_EXERCISE MATERIAL:_

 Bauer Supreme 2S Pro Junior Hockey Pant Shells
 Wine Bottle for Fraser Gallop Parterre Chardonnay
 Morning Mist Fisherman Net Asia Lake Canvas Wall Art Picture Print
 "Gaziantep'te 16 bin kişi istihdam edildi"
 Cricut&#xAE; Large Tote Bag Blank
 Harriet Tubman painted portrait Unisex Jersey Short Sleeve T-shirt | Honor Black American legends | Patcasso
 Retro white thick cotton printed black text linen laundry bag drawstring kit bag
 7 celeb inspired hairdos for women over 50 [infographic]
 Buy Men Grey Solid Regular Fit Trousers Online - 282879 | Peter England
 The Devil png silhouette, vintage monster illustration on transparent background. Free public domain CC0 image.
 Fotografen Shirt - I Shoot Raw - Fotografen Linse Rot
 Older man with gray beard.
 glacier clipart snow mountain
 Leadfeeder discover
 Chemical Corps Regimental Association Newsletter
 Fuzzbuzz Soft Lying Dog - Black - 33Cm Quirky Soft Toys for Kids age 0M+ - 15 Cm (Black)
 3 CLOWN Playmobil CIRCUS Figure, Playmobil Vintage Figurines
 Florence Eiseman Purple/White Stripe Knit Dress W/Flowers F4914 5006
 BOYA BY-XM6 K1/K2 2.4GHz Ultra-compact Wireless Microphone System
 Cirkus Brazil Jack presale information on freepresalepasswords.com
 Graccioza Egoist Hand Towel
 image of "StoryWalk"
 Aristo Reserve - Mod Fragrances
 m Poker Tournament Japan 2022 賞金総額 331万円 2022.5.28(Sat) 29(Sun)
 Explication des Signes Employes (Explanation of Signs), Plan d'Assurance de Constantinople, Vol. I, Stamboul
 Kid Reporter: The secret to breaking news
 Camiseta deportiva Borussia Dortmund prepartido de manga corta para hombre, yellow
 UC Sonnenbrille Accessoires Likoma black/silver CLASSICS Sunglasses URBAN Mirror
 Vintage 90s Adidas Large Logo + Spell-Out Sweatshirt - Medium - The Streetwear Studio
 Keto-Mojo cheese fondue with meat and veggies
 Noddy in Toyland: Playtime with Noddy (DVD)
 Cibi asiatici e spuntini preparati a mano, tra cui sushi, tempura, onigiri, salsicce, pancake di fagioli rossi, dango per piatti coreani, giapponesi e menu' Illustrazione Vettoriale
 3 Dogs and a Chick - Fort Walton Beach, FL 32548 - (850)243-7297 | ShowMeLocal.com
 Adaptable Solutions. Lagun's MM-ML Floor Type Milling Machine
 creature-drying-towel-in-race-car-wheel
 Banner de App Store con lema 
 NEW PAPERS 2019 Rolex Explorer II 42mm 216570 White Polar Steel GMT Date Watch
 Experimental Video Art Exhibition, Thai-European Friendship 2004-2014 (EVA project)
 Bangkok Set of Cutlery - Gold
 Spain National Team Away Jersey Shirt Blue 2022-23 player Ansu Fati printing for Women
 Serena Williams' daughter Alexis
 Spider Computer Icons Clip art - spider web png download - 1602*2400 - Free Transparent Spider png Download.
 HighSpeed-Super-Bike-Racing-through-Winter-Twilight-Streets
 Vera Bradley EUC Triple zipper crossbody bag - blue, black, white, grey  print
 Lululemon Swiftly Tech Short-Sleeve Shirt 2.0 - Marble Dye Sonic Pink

_WHAT TO DO:_
Up to and including the line that contains "Harriet Tubman painted", output the records above exactly, beginning with their first line.

_TASK OUTPUT:_
 Bauer Supreme 2S Pro Junior Hockey Pant Shells
 Wine Bottle for Fraser Gallop Parterre Chardonnay
 Morning Mist Fisherman Net Asia Lake Canvas Wall Art Picture Print
 "Gaziantep'te 16 bin kişi istihdam edildi"
 Cricut&#xAE; Large Tote Bag Blank
 Harriet Tubman painted portrait Unisex Jersey Short Sleeve T-shirt | Honor Black American legends | Patcasso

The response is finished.